__WHAT YOU HAVE TO DO__
Once the line with "Lenox King Bedroom" is found, write it out along with every line after it, exactly, up to the last line of the entries below. Exclude pictures.

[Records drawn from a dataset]
⁂
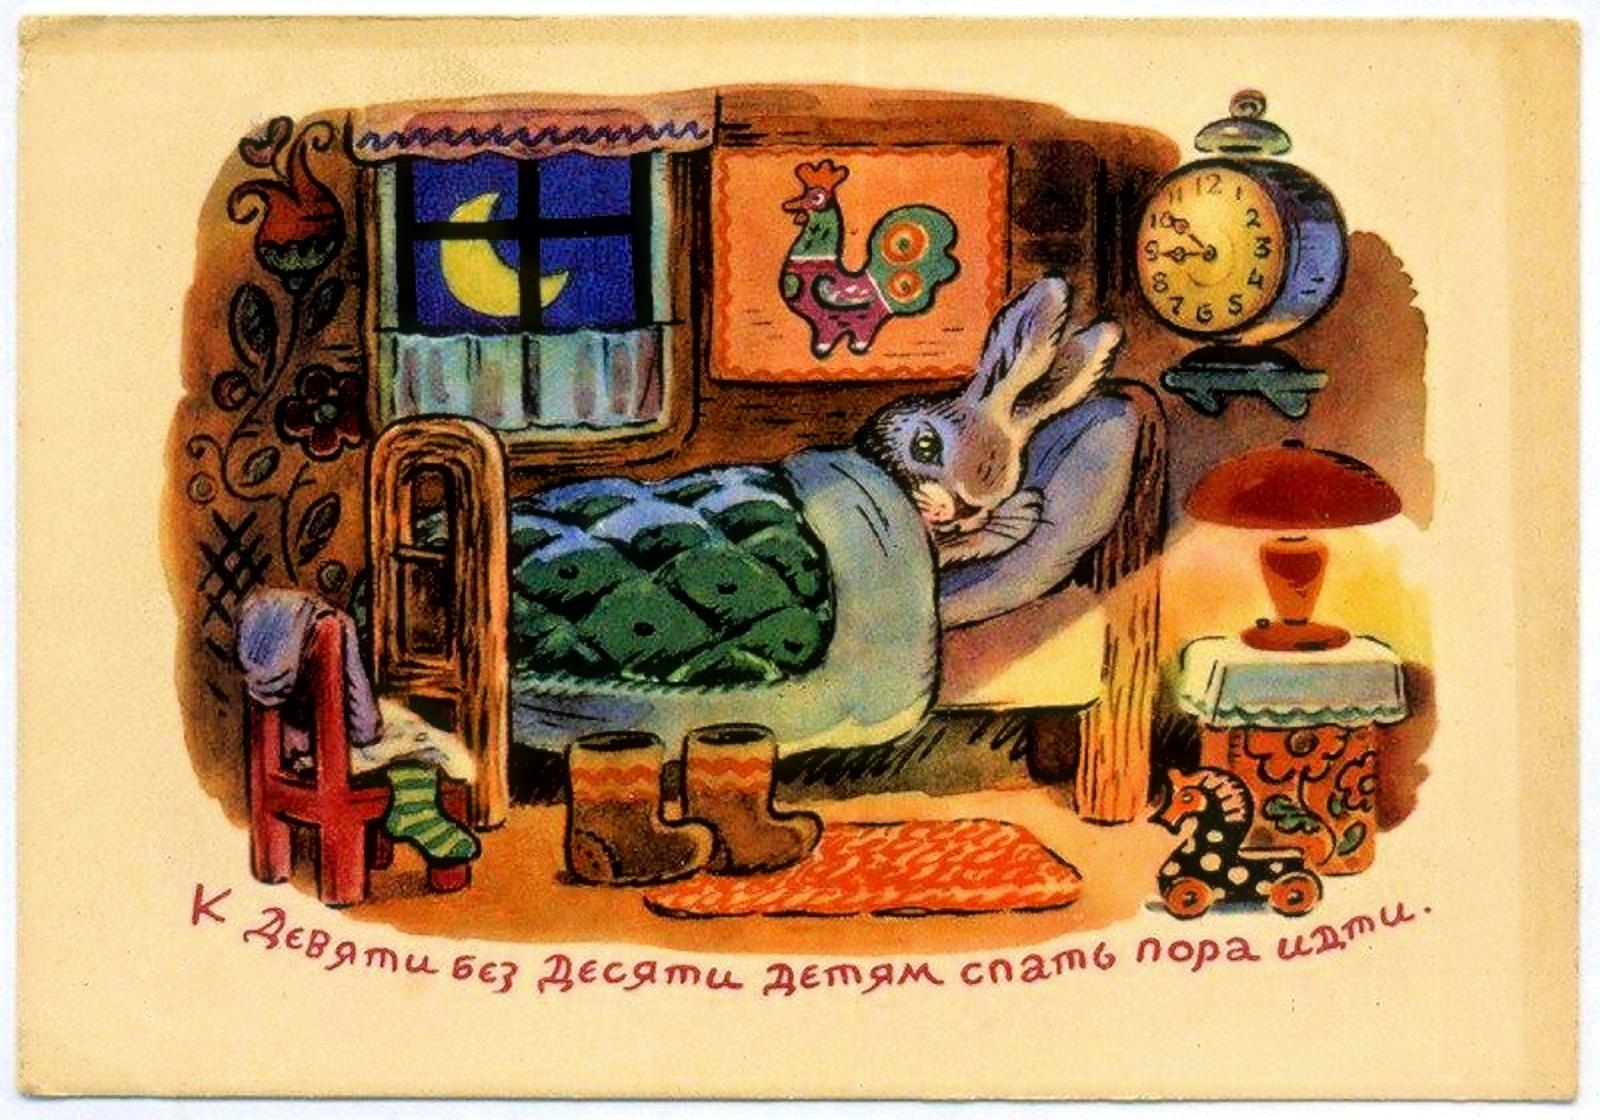 00 Konstantin Zotov. Kids Should Be in Bed by Ten to Nine. 1964
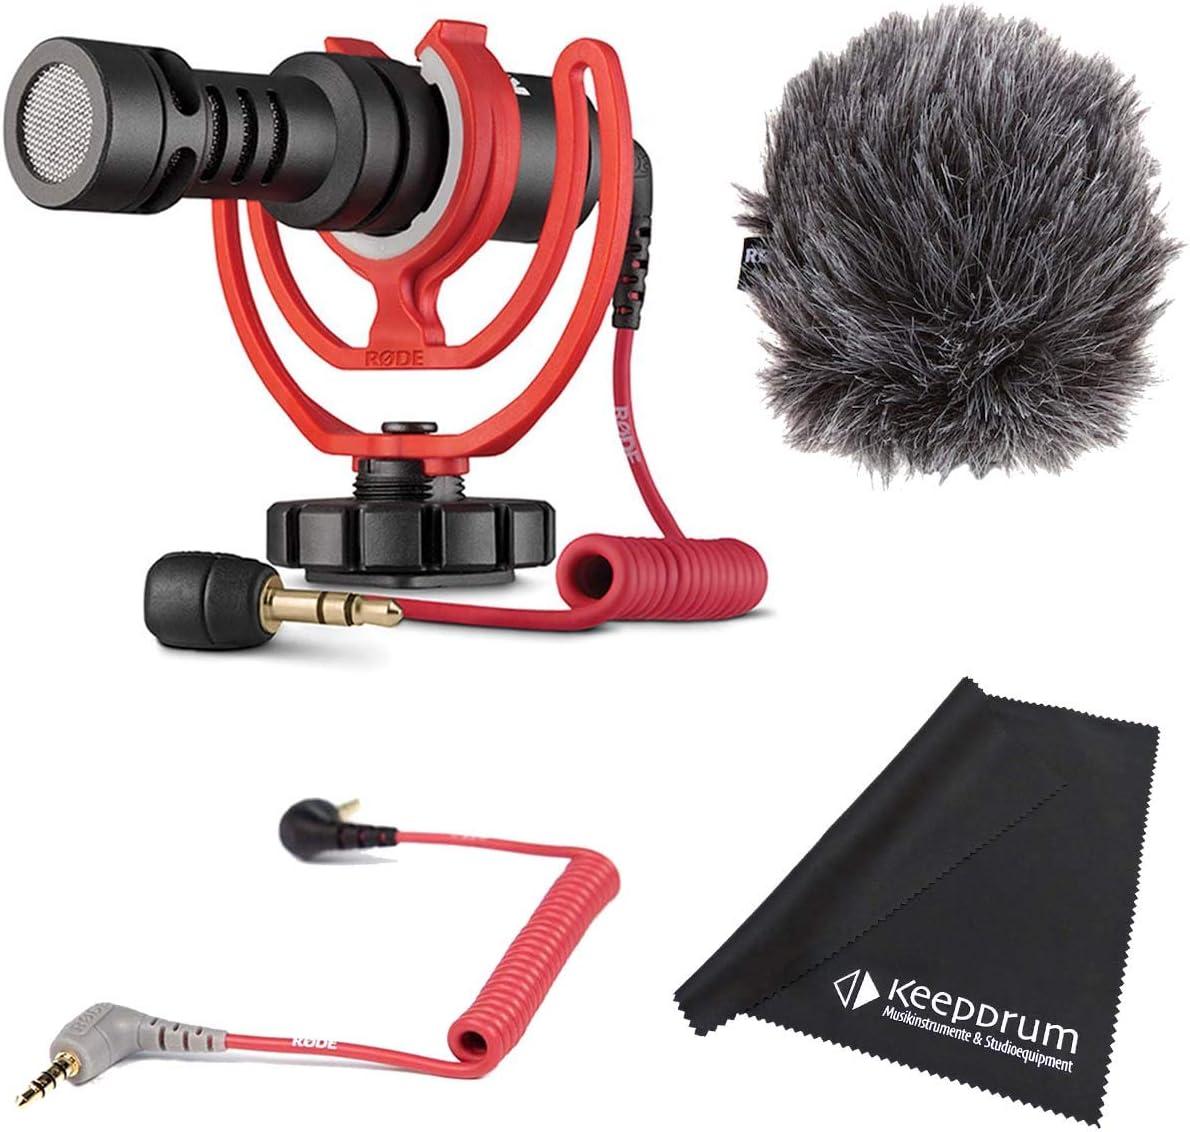 Rode Videomicro - Juego de micrófono de cámara de condensador + cable de conexión SC7 TRS de 3,5 mm – TRRS + paño de microfibra keepdrum
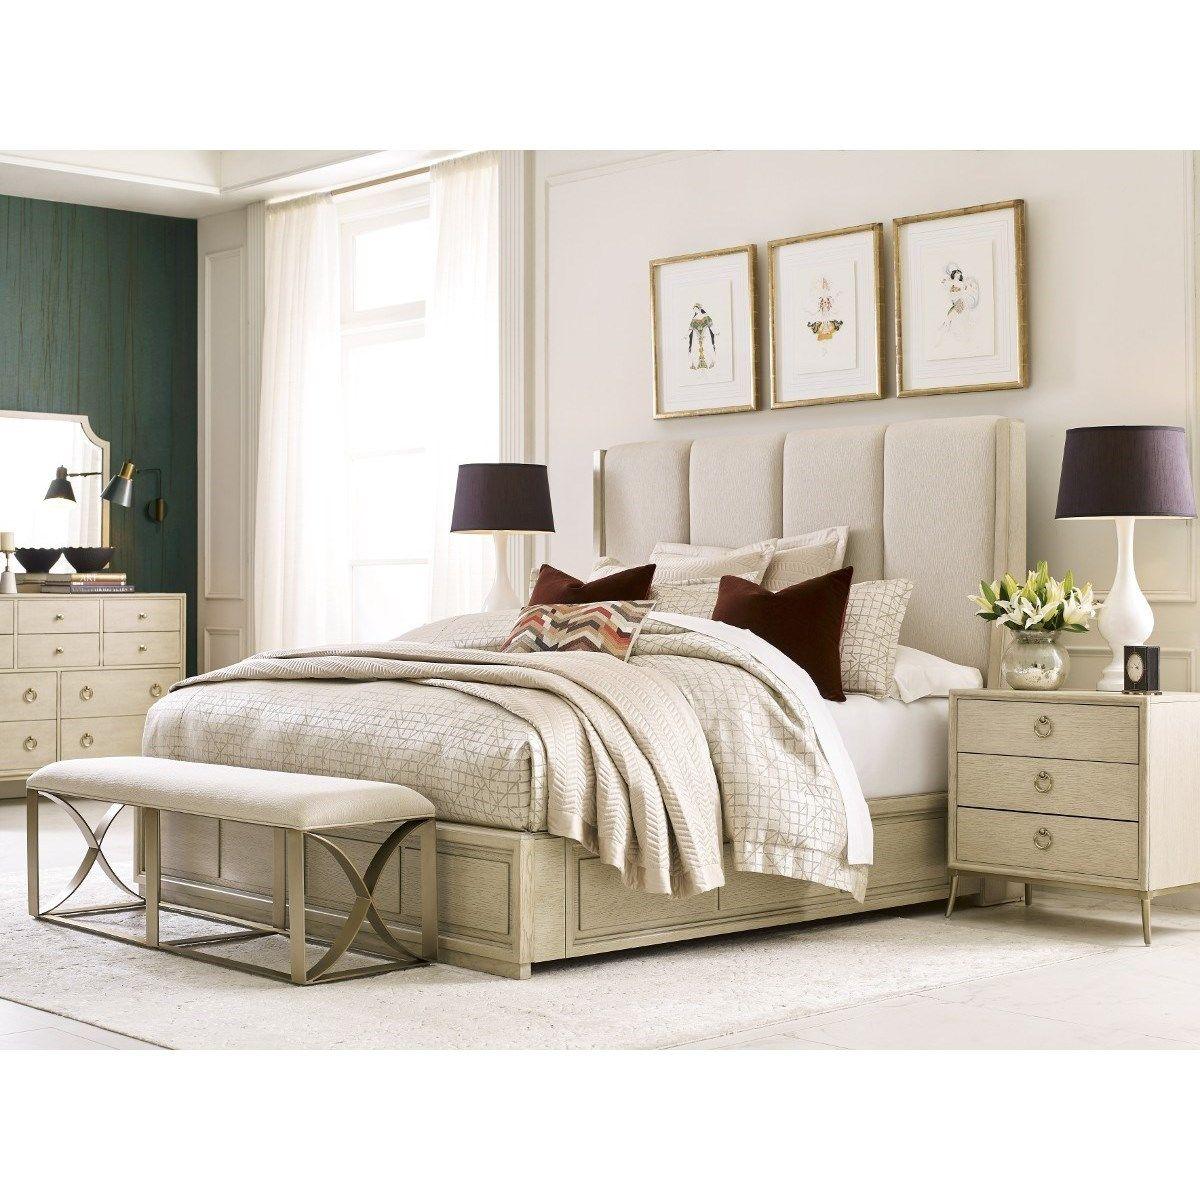 Lenox King Bedroom Group By American Drew At Wayside Furniture Bedroom Panel King Bedroom Bedroom Set
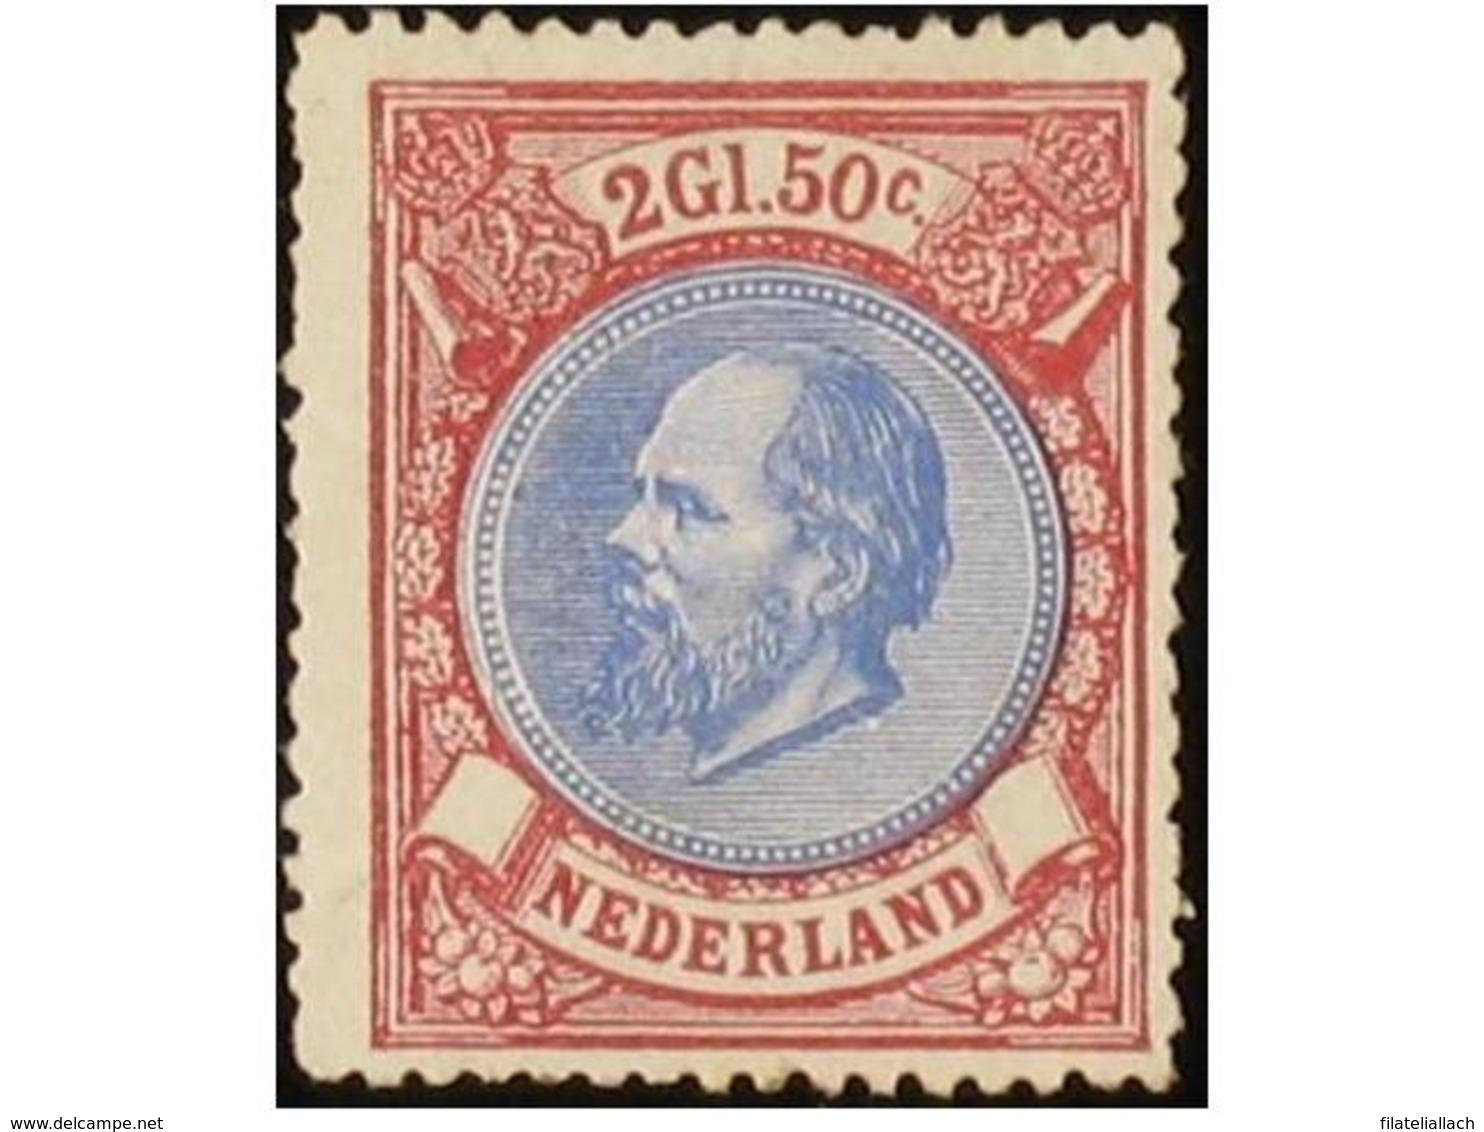 NETHERLANDS - Pays-Bas
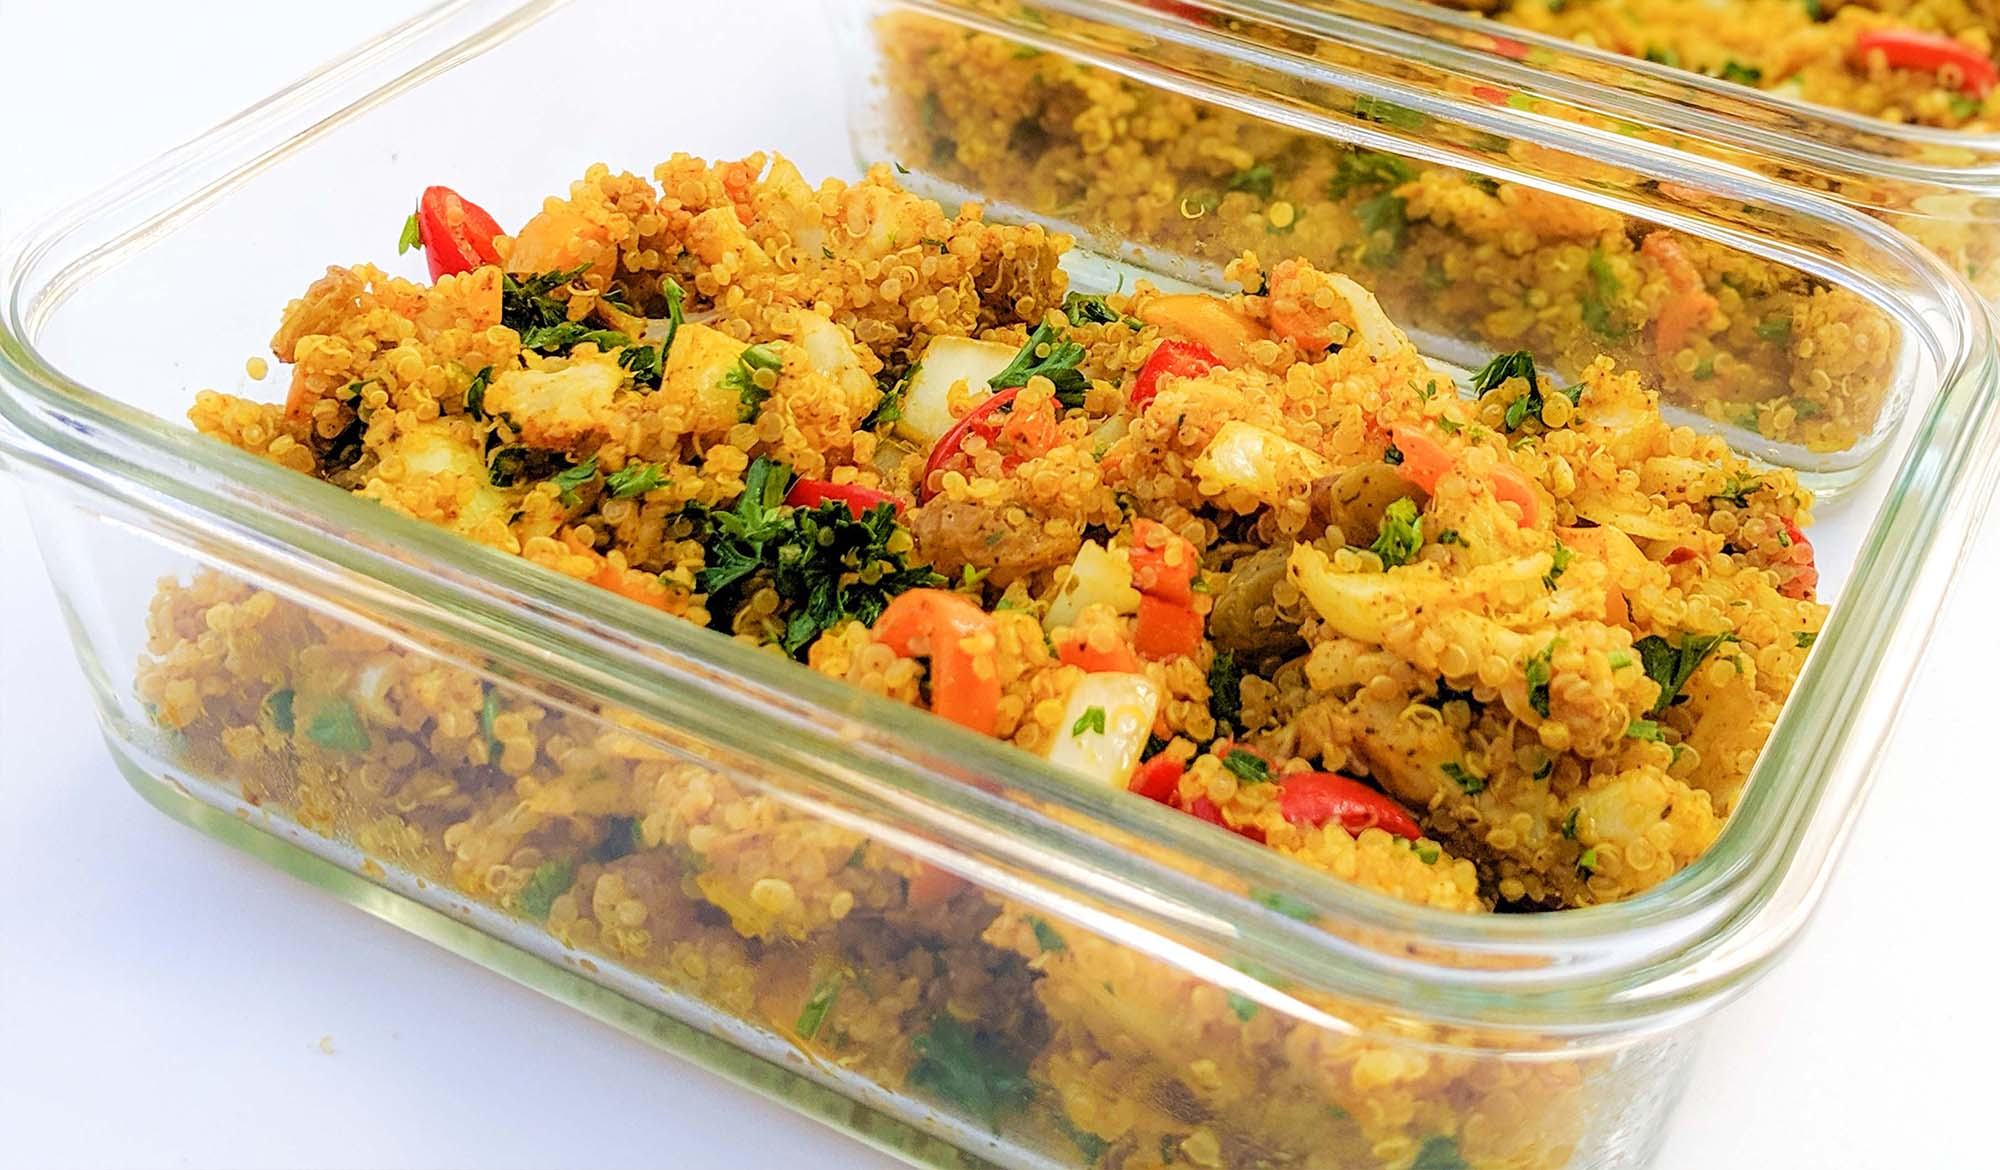 curried-quinoa-cauliflower-recipe-meal-prep (2) (1)
⁂
__TASK OUTPUT__
 Lenox King Bedroom Group By American Drew At Wayside Furniture Bedroom Panel King Bedroom Bedroom Set
 NETHERLANDS - Pays-Bas
 curried-quinoa-cauliflower-recipe-meal-prep (2) (1)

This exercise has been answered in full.